Reads and writes stream by default, so large files just work. Under the hood, each backend delegates to the library you'd pick anyway (boto3, paramiko, azure-storage-file-datalake, …). This package doesn't reinvent file I/O. It just gives every backend the same simple front door.

What you get

  • One Store, many backends: local fs, S3, SFTP, Azure Blob, more to come
  • Just the basics: read, write, list, delete, exists. No magic, no surprises
  • Battle-tested I/O under the hood: backends wrap boto3, paramiko, etc.
  • Swappable via config: switch backends without touching application code
  • Streaming by default: reads and writes handle large files without blowing up memory
  • Atomic writes where the backend supports it
  • PyArrow ecosystem interop: use any Store as a pyarrow.fs.FileSystem -- works with Parquet, Pandas, Polars, DuckDB, and dataset discovery out of the box
  • Zero runtime dependencies: the core package installs nothing; backend extras pull in only what they need
  • Typed & tested: strict mypy, spec-driven test suite

Installation

Install from PyPI:

pip install remote-store

Backends that need extra dependencies use extras:

pip install "remote-store[s3]"           # Amazon S3 / MinIO
pip install "remote-store[s3-pyarrow]"   # S3 with PyArrow (high-throughput)
pip install "remote-store[sftp]"         # SFTP / SSH
pip install "remote-store[azure]"        # Azure Blob / ADLS Gen2
pip install "remote-store[arrow]"        # PyArrow filesystem adapter
pip install "remote-store[otel]"         # OpenTelemetry tracing and metrics
pip install "remote-store[toml]"        # TOML config (backport for Python 3.10)
pip install "remote-store[yaml]"        # YAML config (pyyaml)
pip install "remote-store[pydantic]"    # Pydantic config (pydantic-settings)

Quick Start

import tempfile
from remote_store import BackendConfig, RegistryConfig, Registry, StoreProfile

with tempfile.TemporaryDirectory() as tmp:
    config = RegistryConfig(
        backends={"local": BackendConfig(type="local", options={"root": tmp})},
        stores={"data": StoreProfile(backend="local", root_path="data")},
    )

    with Registry(config) as registry:
        store = registry.get_store("data")

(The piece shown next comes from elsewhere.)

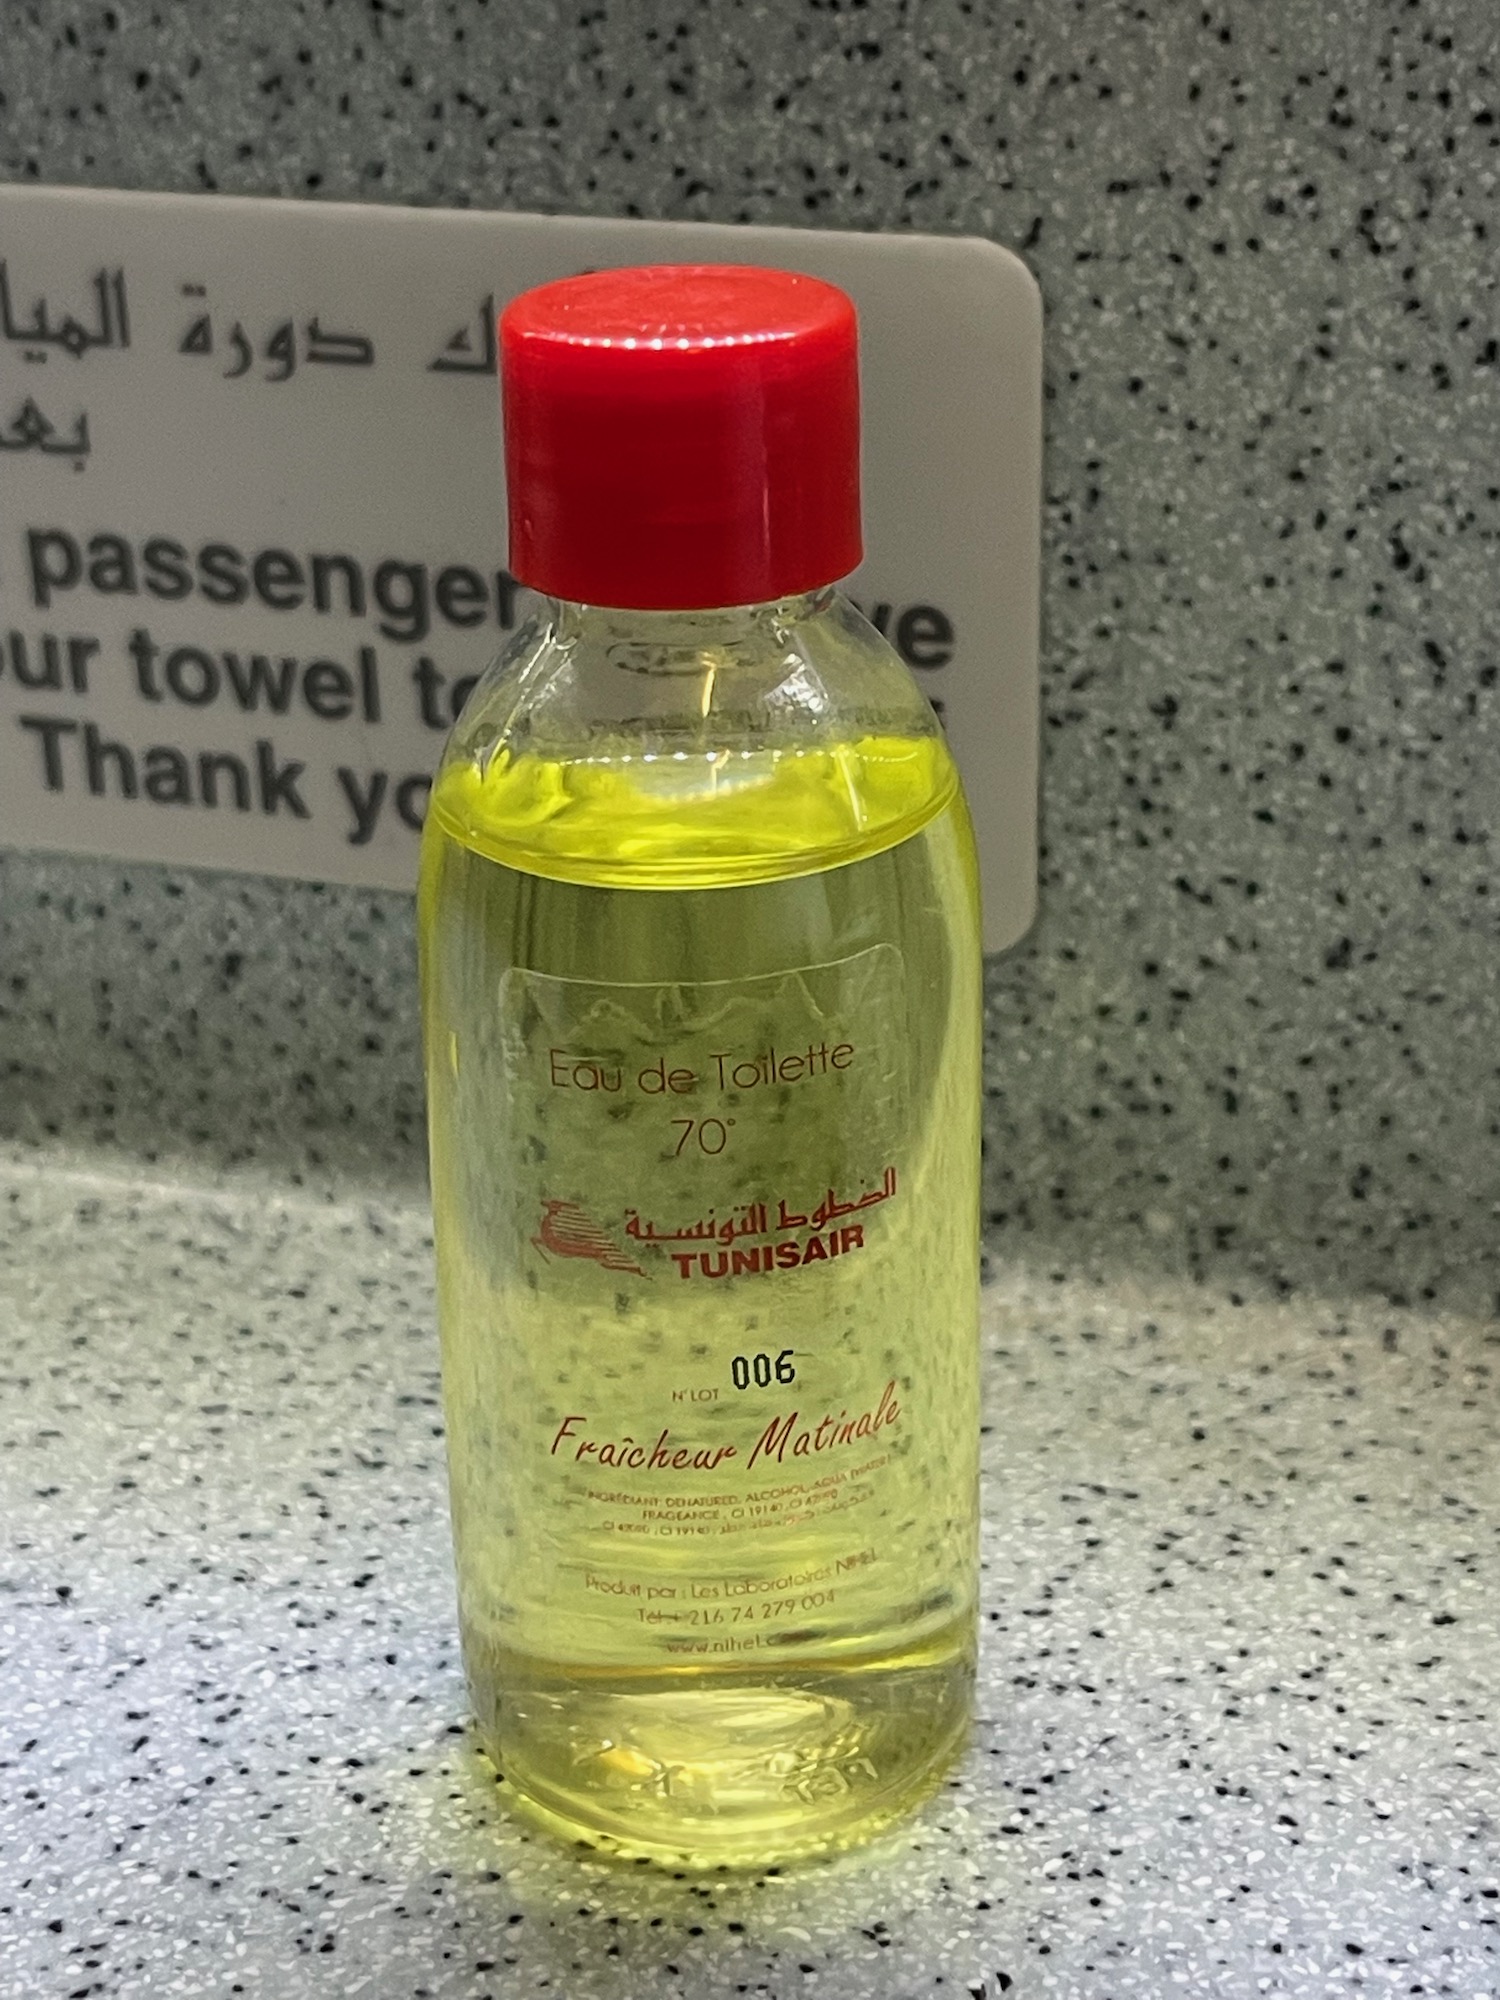 a bottle of liquid on a counter

        store.write("hello.txt", b"Hello, world!")
        content = store.read_bytes("hello.txt")
        print(content)  # b'Hello, world!'

Switch to S3 by changing the config. The rest of the code stays the same:

config = RegistryConfig(
    backends={"s3": BackendConfig(type="s3", options={"bucket": "my-bucket"})},
    stores={"data": StoreProfile(backend="s3", root_path="data")},
)

Configuration

Configuration is declarative and immutable. Load from TOML, YAML, Pydantic, a dict, or build with Python objects:

from remote_store import RegistryConfig

# From a TOML file (zero dependencies on Python 3.11+):
config = RegistryConfig.from_toml("remote-store.toml")

# From pyproject.toml:
config = RegistryConfig.from_toml("pyproject.toml", table=("tool", "remote-store"))

# From YAML (requires pyyaml or ruamel.yaml):
config = RegistryConfig.from_yaml("remote-store.yaml")

# From Pydantic BaseSettings (requires pydantic-settings):
from remote_store.ext.pydantic import pydantic_to_registry_config
config = pydantic_to_registry_config(my_settings)

# From a dict (e.g. loaded from JSON):
config = RegistryConfig.from_dict({
    "backends": {
        "local": {"type": "local", "options": {"root": "/data"}},
    },
    "stores": {
        "uploads": {"backend": "local", "root_path": "uploads"},
        "reports": {"backend": "local", "root_path": "reports"},
    },
})

Credential hygiene

Credentials passed through from_dict() are automatically wrapped in Secret, which masks values in repr() and str() to prevent accidental leakage in logs or tracebacks. Sensitive keys: key, secret, password, account_key, sas_token, connection_string.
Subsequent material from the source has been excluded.